Monday, February 15, 2016

Putin’s Selective Revival of Soviet Past Throwing Russia Out of Europe and Back into Asia, Inozemtsev Says

Paul Goble

            Staunton, February 15 – Vladimir Putin in his celebration of the Soviet past wants to strip it of its revolutionary core, a highly selective approach that calls into question his right to claim that Russia is the Soviet Union of today and Russia’s close relationship with Europe, something the Bolshevik revolution reaffirmed, according to Vladislav Inozemtsev.

            In a commentary for the Intersection Project, the Moscow economist points out that there is ever more officially promoted nostalgia for the Soviet Union and that it is increasingly linked to ideology and not just to the sense of loss of geopolitical status engendered by the disintegration of the USSR (

            But suggesting, as Putin has, that the Soviet Union was Russia “only called by a different name,” is simply wrong, Inozemtsev says.  “It was in the first instance a country based on ideas and goals and not by history or national identity.” The conflict between the USSR and the US was one between two super powers “whose very names pointed to their non-national and extra-historical nature.”

            The Russian economist suggests that there were “three fundamental aspects of the Soviet mentality” – “a justification for change, a promotion of equality, and the assertion of internationalism.”  In this essay, he says, he won’t deal with the second or third, especially because they are at odds with a country like Russia today with its thieving bureaucracy.

            Inozemtsev insists that the 1917 Bolshevik revolution “confirmed the European nature of Russia” because “the invention of revolutions … made Europe a center of world civilization.”  Other countries had revolts and pogroms, but Europe was the first to have revolutions, from Magna Carta to the East European revolutions of 1989.

            “The Soviet Union, including both its ruling party and its ‘armed detachment,’ was born in the fires of one of the most dramatic revolutions in history,” one that on the basis of Marxist ideology rejected private property, social strata and privileges and “proclaimed the construction of a society of equality and justice.”

            “The new republic legitimated the Soviets,” it promoted “an extraordinarily harsh secularization,” and it although “organized as a spontaneous federation marched into the world having overthrown the ‘sacred’ ideas of sovereignty in the name of being effective to the greatest degree possible of effectively advancing the world revolution.”

            The USSR, Inozemtsev says, “became the most important transforming force on the global periphery having promoted the destruction of the system of colonial dependency and in this way making an exceptional contribution to present-day globalization.”  The country “even died as it had lived” by declaring “’perestroika’ to be a continuation of the revolution.”

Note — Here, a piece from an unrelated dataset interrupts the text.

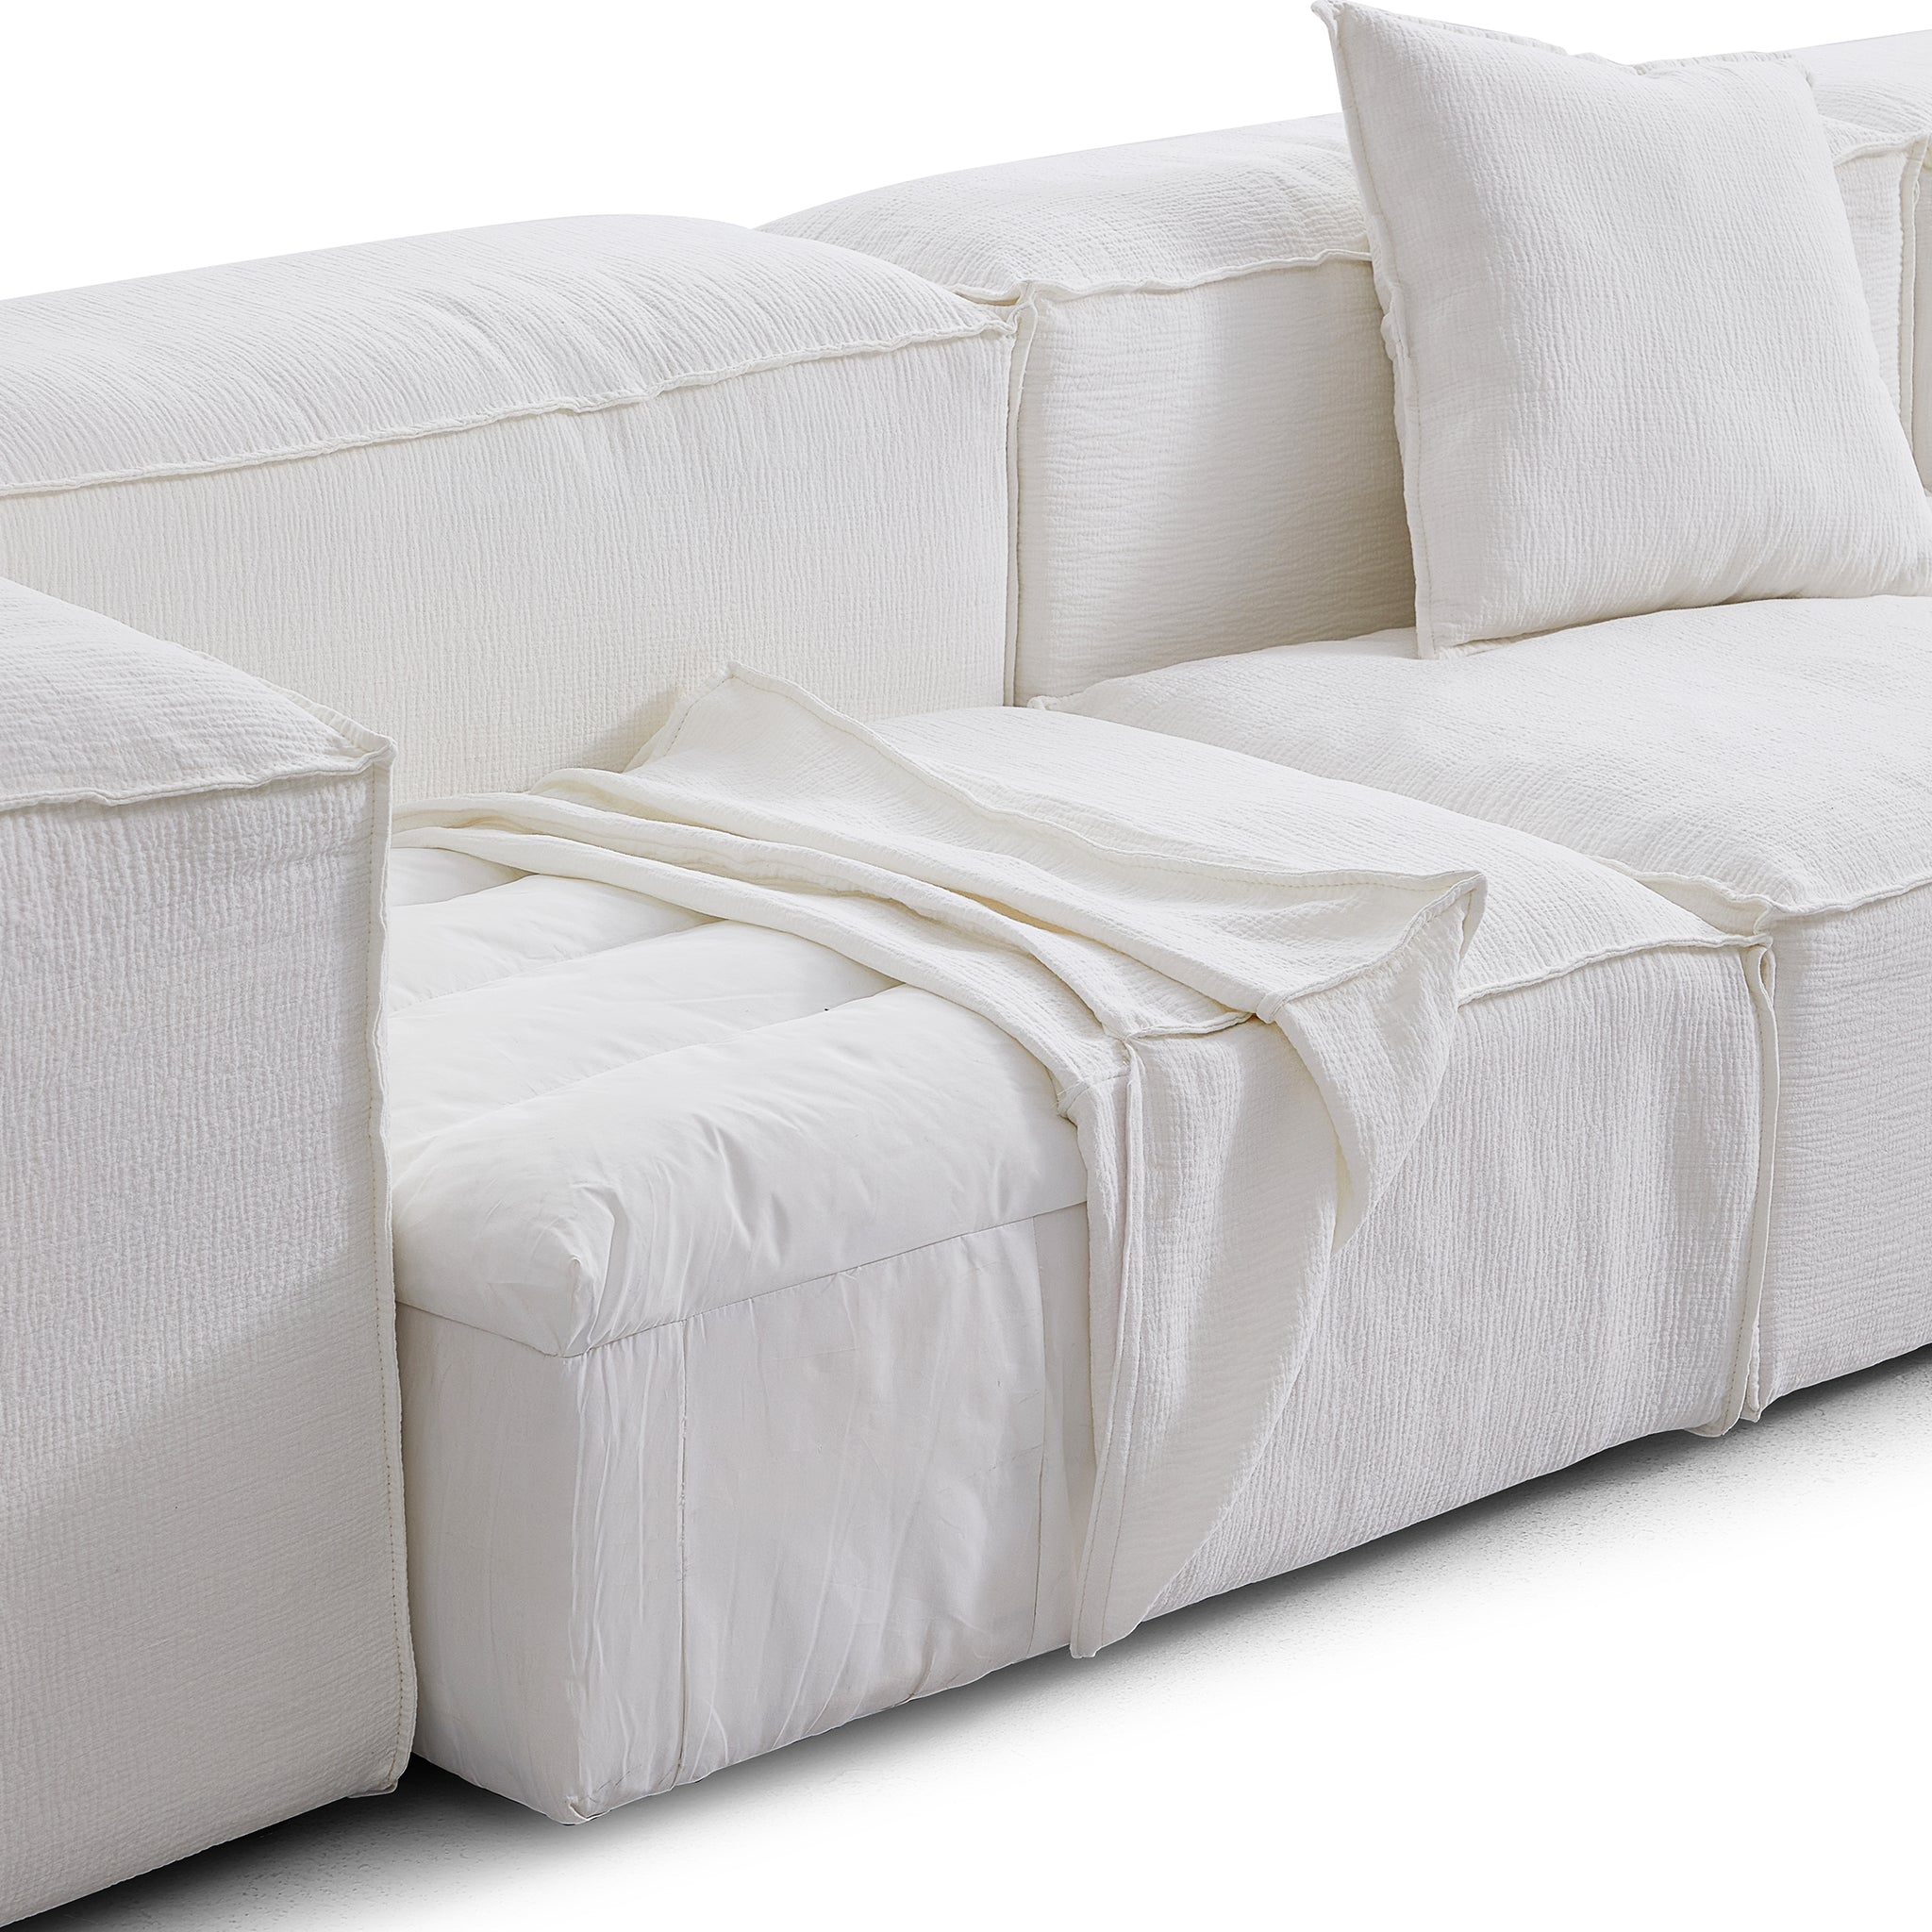 Freedom Modular White Sofa

            “Many elements of the Soviet experiment are impossible to celebrate,” but if one is asked to celebrate the Soviet system, one should only do so by accepting all of its aspects, including its revolutionary nature.  In Soviet times, Moscow would have accepted the various “springs” around the world as revolutions and would have seen governments which had lost the support of their populations as illegitimate.

            In short, “the Soviet Union (with the possible exception of the Brezhnev period) was undoubtedly a revolutionary force.” Indeed, Inozemtsev says, “the history of the Soviet Union is inseparable from the revolutionary idea … ‘Stability’ and ‘conservatism’ are concepts incompatible with ‘the nature of ‘Sovietism.’”

            If one understands that, the Moscow analyst continues, it becomes clear that Putin’s Russia is not the Soviet Union of today. Instead, if there is such a country out there, one committed to revolution rather that stability and to being part of Europe rather than an outlier, it is Ukraine.

            Because it is in Ukraine where a revolution is making Ukraine ever more part of Europe and not in Russia where opposition to revolutionary change is “throwing it back to Asia.”  And because that is so, Inozemtsev says, “those unknown activists” who paint Soviet symbols with Ukrainian colors are fundamentally right, however much they may not recognize that fact.